In many ways it proved a process of refinement and reinforcement of the band’s musical identity. “We have a very specific unspoken language between each other, because we’ve spent so much time together,” says Ellis. “And I think we had to realise that not everyone instinctively understands what we’re trying to say, and we have to explain our ideas far better than we do — which is usually with adjective references of colours and sounds.
The band were also able to draw on other previously under-used strengths — for Amey, who has an increasing interest in production, this meant exploring programming, “fiddling around on Ableton and making synth sounds.” For Oddie, it meant looking at the possibilities of acoustic instrumentation. “On this record there are a lot more sounds that you would qualify as being a more classic guitar sound,” he says. “But I spent a lot of time working with acoustic instruments, trying to play them in different ways and layering them in different ways.”

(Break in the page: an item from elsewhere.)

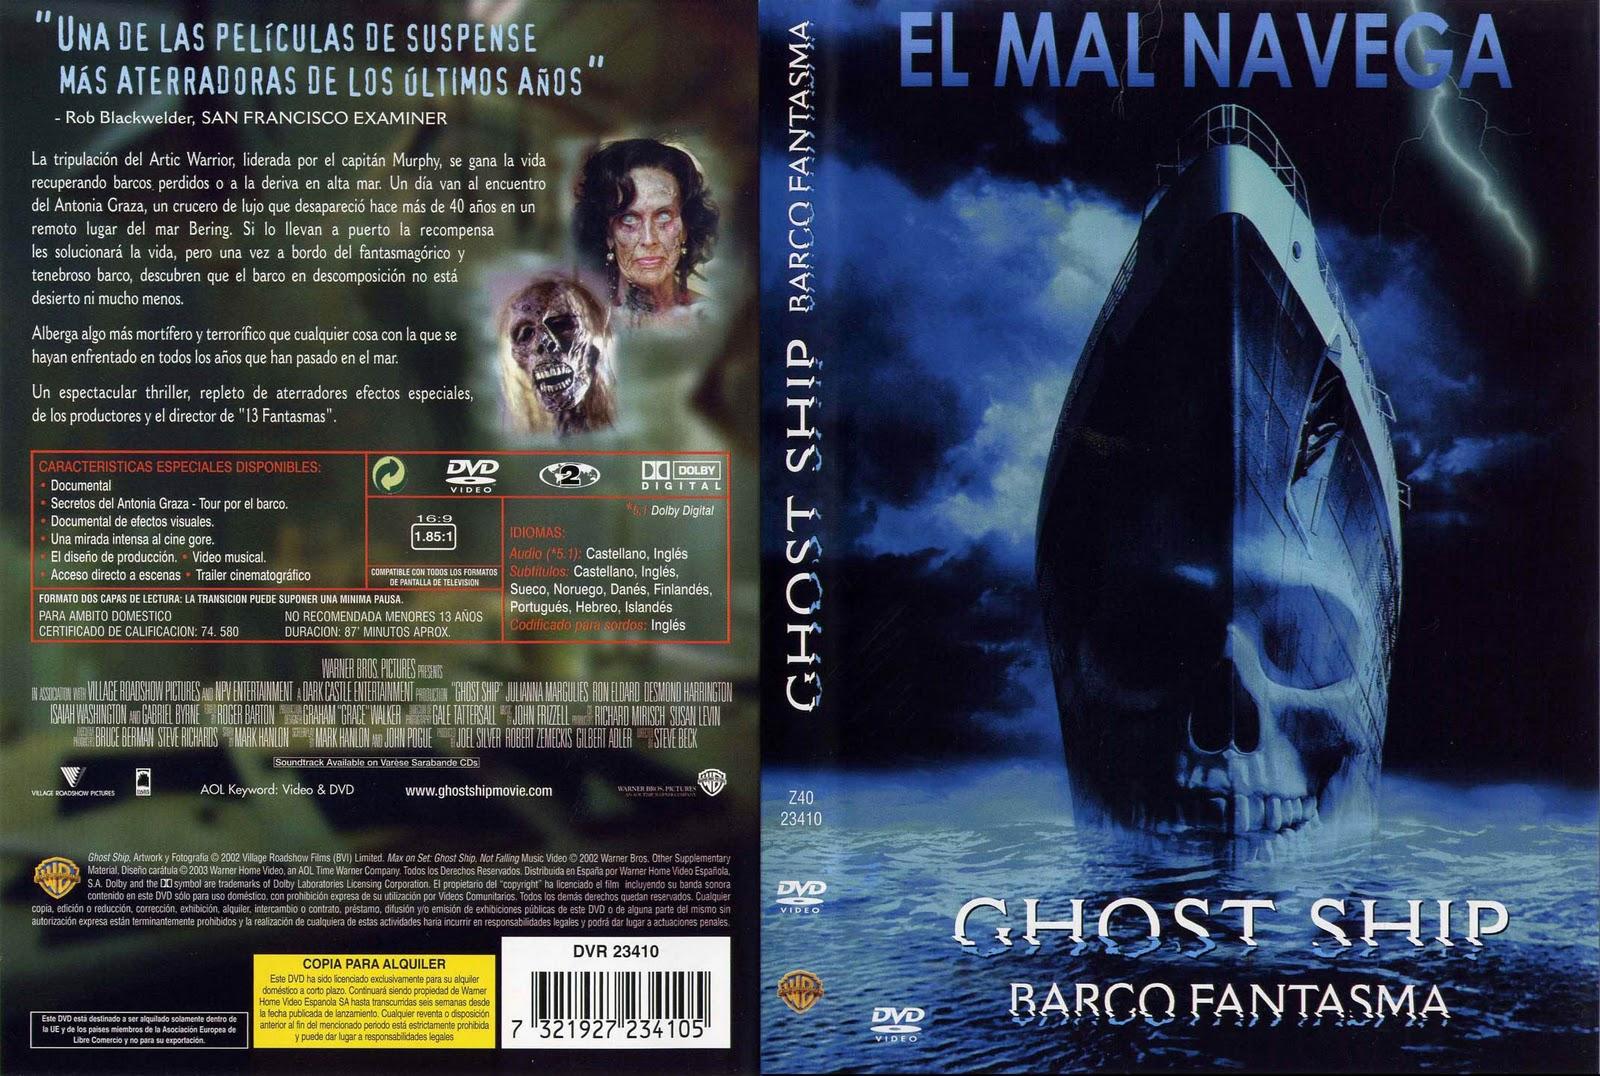 Barco Fantasma 2002 Peliculas Mundo
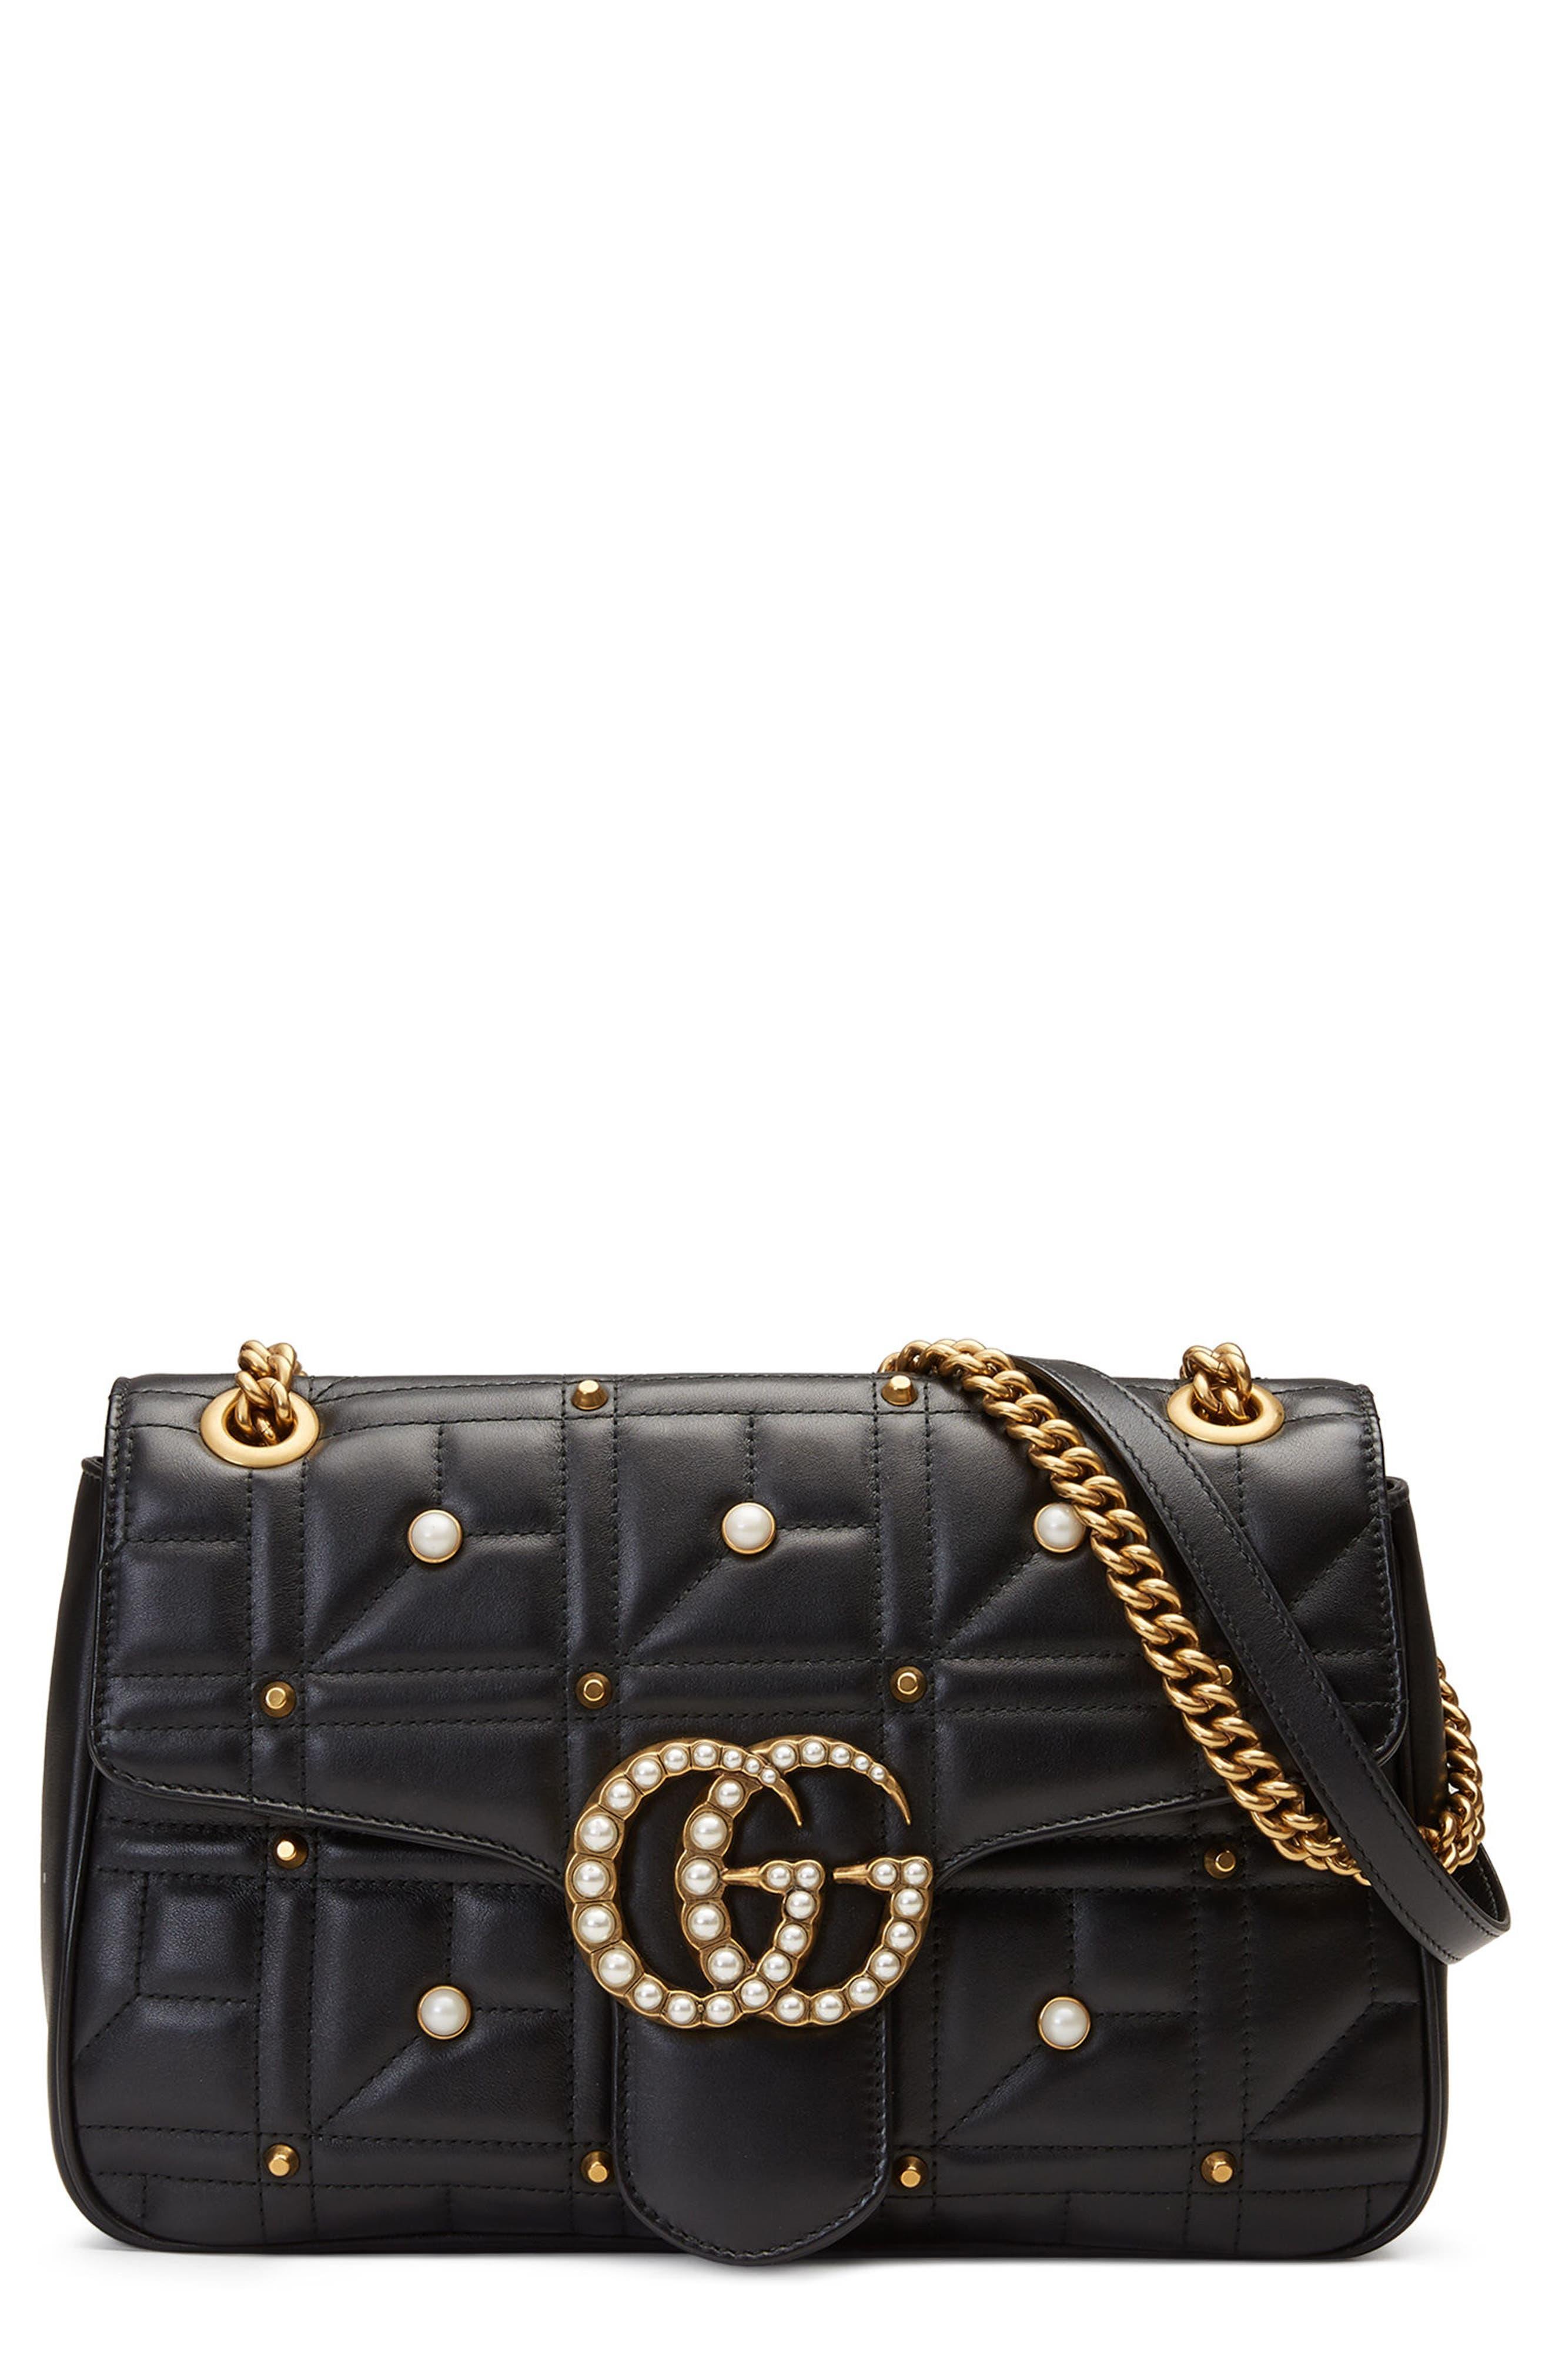 gucci bags fall 2017. gucci gg marmont 2.0 imitation pearl logo matelassé leather shoulder bag bags fall 2017

For a band that has spent ten years developing a reputation as a phenomenal live act, the current restrictions on touring are painful. Even two years on from their last show, “it hasn’t dissipated, that feeling that it’s eight o’clock and I need to be on stage,” says Ellis.
In lieu of live performance, they have made a series of music videos to accompany each of the songs on the new album. They hope it will offer a way to connect with the fans they cannot yet see, to draw their audience close again, even in a time of great distance. “You just feel hungry for something like that,” Oddie says. “For the sense of community that is implicit in those events. Because the level of connection that you have between the four of you on stage, doing something in front of thousands of people, is so profound. It’s such a unique thing.”
Rowsell, too, hopes that the new confidence Wolf Alice have found as songwriters will mean these songs will forge an even greater bond with their audiences. “One of the things that has moved me in my career is when I’m playing shows and I see a 60 year old man closing his eyes and singing along next to a 16 year old girl,” she says. “We don’t write specifically for one person. We just go based on what moves us, and hope that if it moves us, it moves someone else.”